Un jour vint le dit messire Louis d'Espaigne en la tente messire Charles de Blois et lui demanda un don, présens grand foison de grands seigneurs de France qui là étoient, en guerdon de tous les services que faits lui avoit. Le dit messire Charles ne savoit mie quel don il vouloit demander; car si il l'eût sçu, jamais ne lui eût accordé; si lui octroya légèrement, pourtant qu'il se sentoit moult tenu à lui. Quand le don lui fut octroyé, messire Louis dit: «Monseigneur, grands mercis. Je vous prie donc et requiers que vous fassiez cy venir tantôt les deux chevaliers qui sont en votre prison à Faouet, dedans le châtel, messire Jean le Bouteiller et messire Hubert de Fresnay, et les me donnez pour faire ma volonté; c'est le don que je vous demande. Ils m'ont chassé, déconfit et navré, et tué messire Alphonse mon neveu, que je tant aimois: si ne m'en sais autrement venger que je leur ferai couper les têtes, pardevant leurs compagnons qui laiens sont enfermés.»

Le dit messire Charles fut tout ébahi quand il ouït messire Louis ainsi parler; si lui dit moult courtoisement: «Certes, sire, les prisonniers vous donnerai-je volontiers, puisque demandés les avez; mais ce seroit grand cruauté et peu d'honneur à vous, et grand blâme pour nous tous, si vous faisiez de deux si vaillans hommes comme ce sont, ainsi comme vous avez dit; et nous seroit ce toujours reproché, et auroient nos ennemis bien cause des nôtres faire ainsi, quand tenir les pourroient; et nous ne savons que avenir nous est de jour en jour: pourquoi, cher sire et beau cousin, vous veuillez mieux aviser.» Messire Louis d'Espaigne répondit, et dit brièvement qu'il n'en seroit autrement si tous les seigneurs du monde l'en prioient: «Et si vous ne me tenez convent, sachez que je me partirai, et ne vous servirai ni aimerai jamais tant que je vive.»

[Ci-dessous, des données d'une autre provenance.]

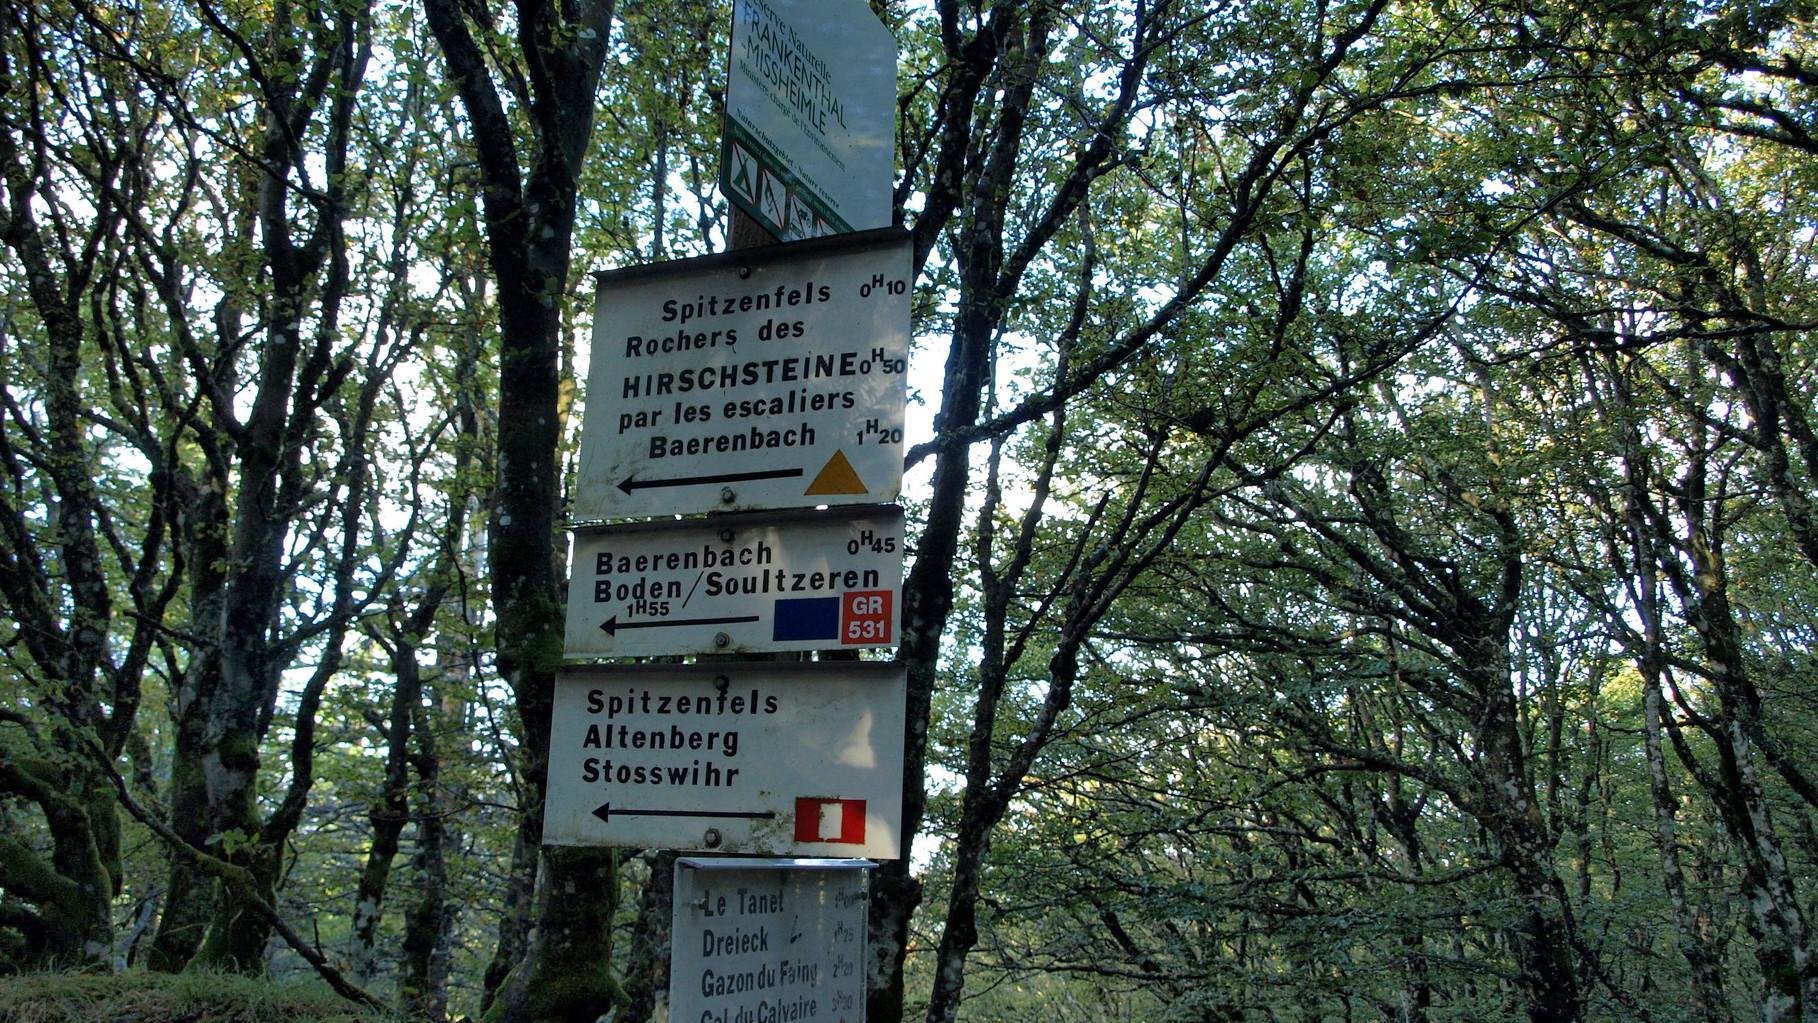 Prendre la direction Spitzenfels et Hirschsteine

Messire Charles vit bien et aperçut que c'étoit acertes; si n'osa courroucer plus avant le dit messire Louis, ains envoya tantôt certains messages au châtelain de Faouet, pour les dessus dits chevaliers amener en son ost. Ainsi que commandé fut, ainsi fut fait: les deux chevaliers furent amenés un jour assez matin en la tente messire Charles de Blois. Quand messire Louis d'Espaigne les sçut venus, il les alla tantôt voir; aussi firent plusieurs des seigneurs et chevaliers de France qui les sçurent venus. Quand le dit messire Louis les vit, il dit: «Ha! seigneurs chevaliers, vous m'avez blessé du corps et ôté de vie mon cher neveu, que je tant aimois; si convient que votre vie vous soit ôtée aussi; de ce ne vous peut nul garantir. Si, vous pouvez confesser s'il vous plaît et prier mercy à Notre Seigneur, car votre dernier jour est venu.» Les deux chevaliers furent durement ébahis, ce fut bien raison, et dirent qu'ils ne pouvoient croire que vaillans hommes ni gens d'armes dussent faire ni consentir telle cruauté que de mettre à mort chevaliers pris en faits d'armes, pour guerres de seigneurs; et si fait étoit par outrage, autres gens, plusieurs chevaliers et écuyers, le pourroient bien comparer en semblable cas. Les autres seigneurs qui là étoient et oyoient ces paroles en eurent grand pitié, mais pour prières ni pour plusieurs bonnes raisons qu'ils pussent faire ni montrer au dit messire Louis, ils ne le purent ôter de son propos qu'il ne convînt que les dits deux chevaliers ne fussent décolés après dîner: tant étoit le dit messire Louis courroucé et ayré sur eux.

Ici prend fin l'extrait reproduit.